My problem arises when I try to get AWS Lambda to connect to my system. I'm currently port forwarding both 5005 and 5006 while I'm debugging, and everything works fine from Lambda if I use HTTP and port 5005, but when I switch to using HTTPS and 5006, the Lambda "Test" function returns DEPTH_ZERO_SELF_SIGNED_CERT. I tried setting Agent:False (based on something I found online about this error) in the Options object in the Lambda JS code, but that didn't solve the problem.

I modified the console.log line in the httpreq function so I could verify the complete URL Lambda is trying to access, and it appears to be correct. My modified line of code is:

console.log("Sending HTTP request to: " + options.host + ":" + options.port + options.path);

Any ideas of what I need to do to get Lambda to work with a self signed cert in Node Sonos?

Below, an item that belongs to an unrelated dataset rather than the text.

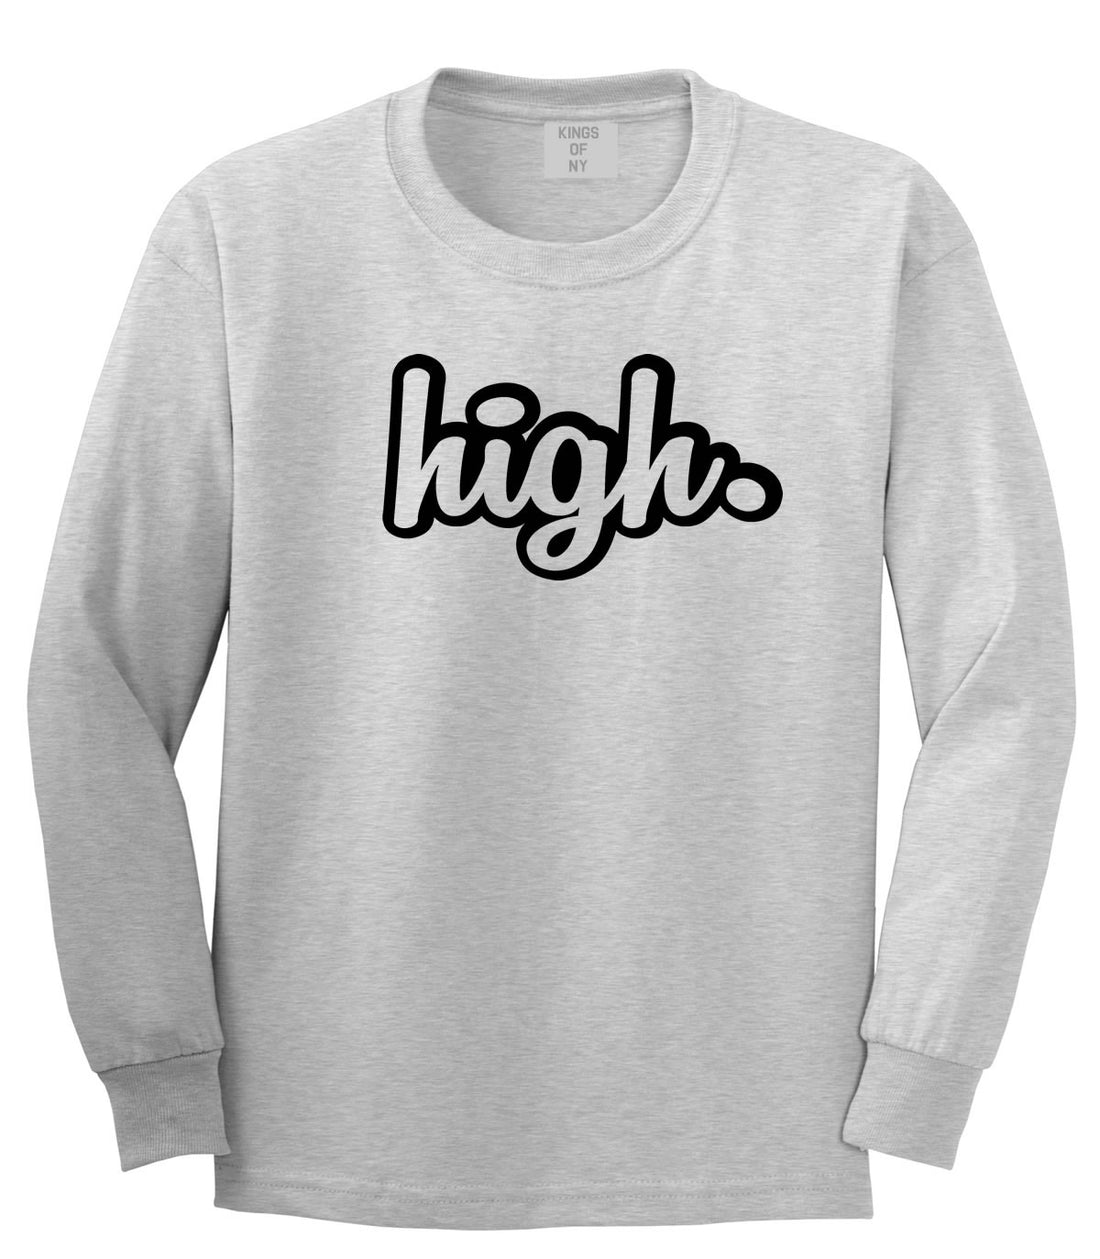 High Weed Faded Dap Smoke Marijuana Long Sleeve Boys Kids T-Shirt In Grey by Kings Of NY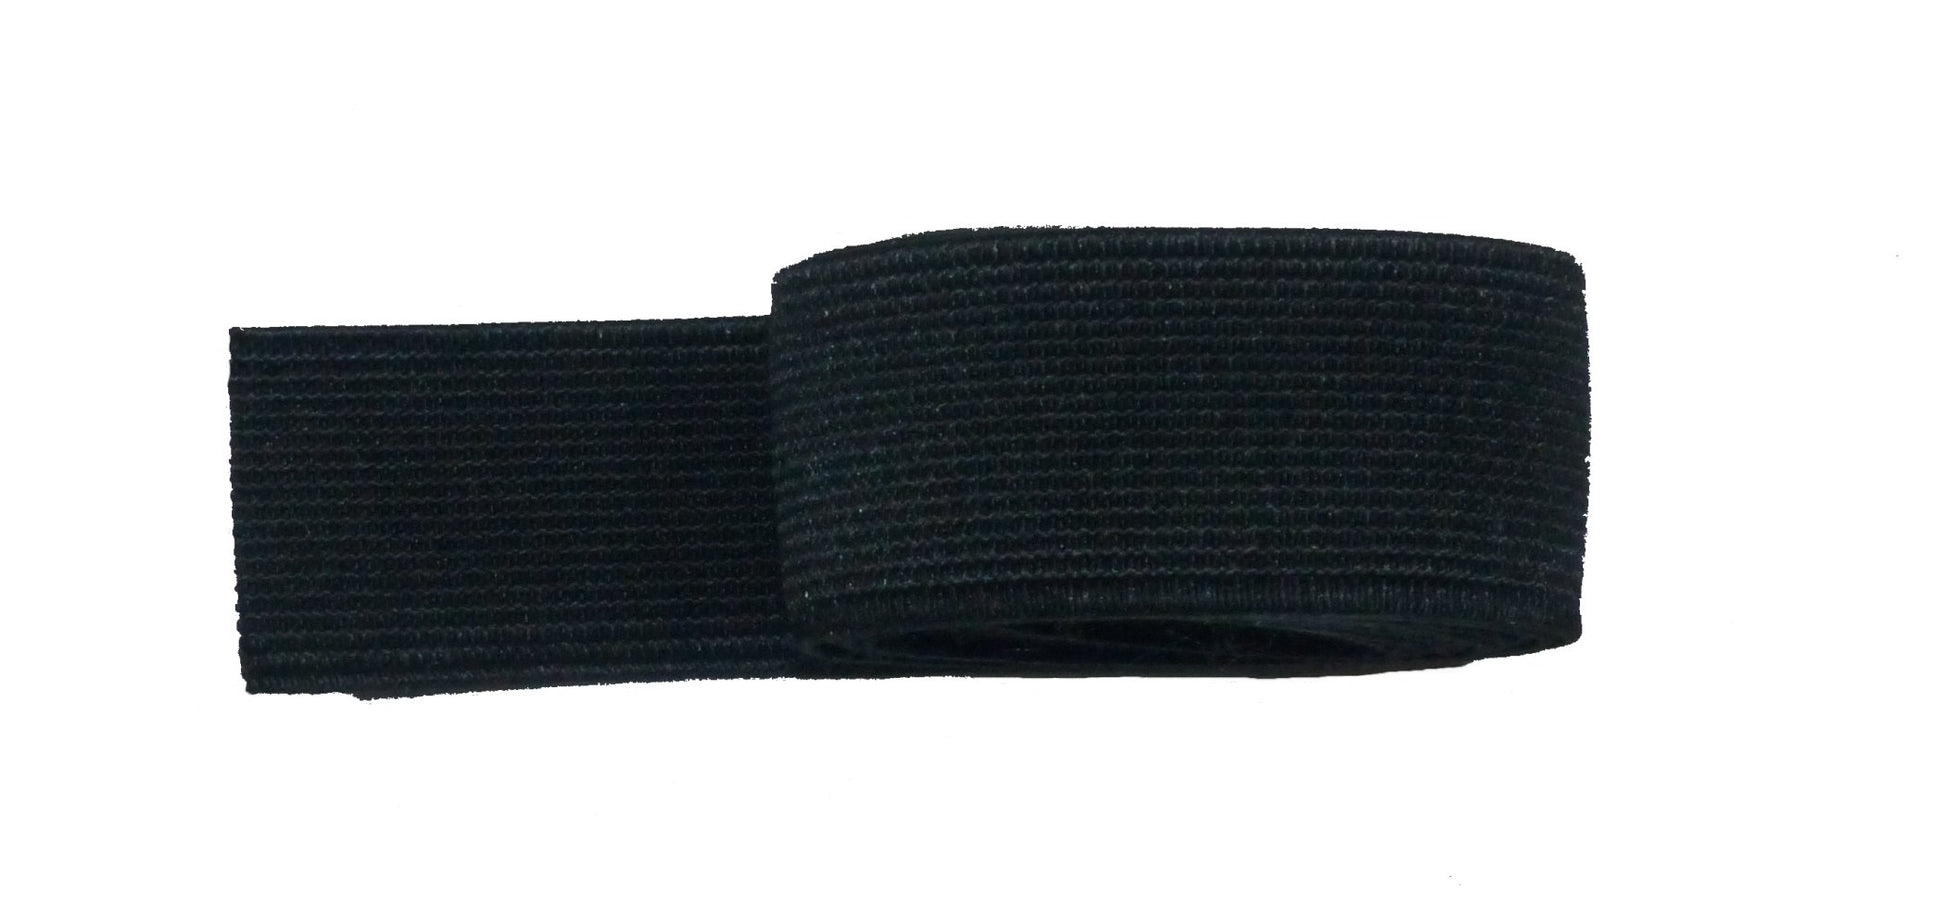 Benristraps 25mm elastic tape in black, five metres

swamplynx commented 8 years ago

My guess would be at a service layer, Amazon's request.https requires a legit cert, though you might be able to find someone using a self-signed cert in another project that could provide a clue. If they do allow a self signed cert, you will probably have to upload the public key... I would just get a free SSL cert from StartSSL. You would also have to have your own domain, but plenty of low cost options there and plenty of uses aside from this one project.

rgraciano commented 8 years ago

@swamplynx - thanks, I added the options.js change for basic auth. Seems to work both when auth is setup on node-sonos-http-api, and when it isn't (server just ignores the extra headers). Still need to take a look at HTTPS.

rgraciano commented 8 years ago

echo-sonos now supports HTTPS (with either CA-signed or self-signed certs) and basic auth.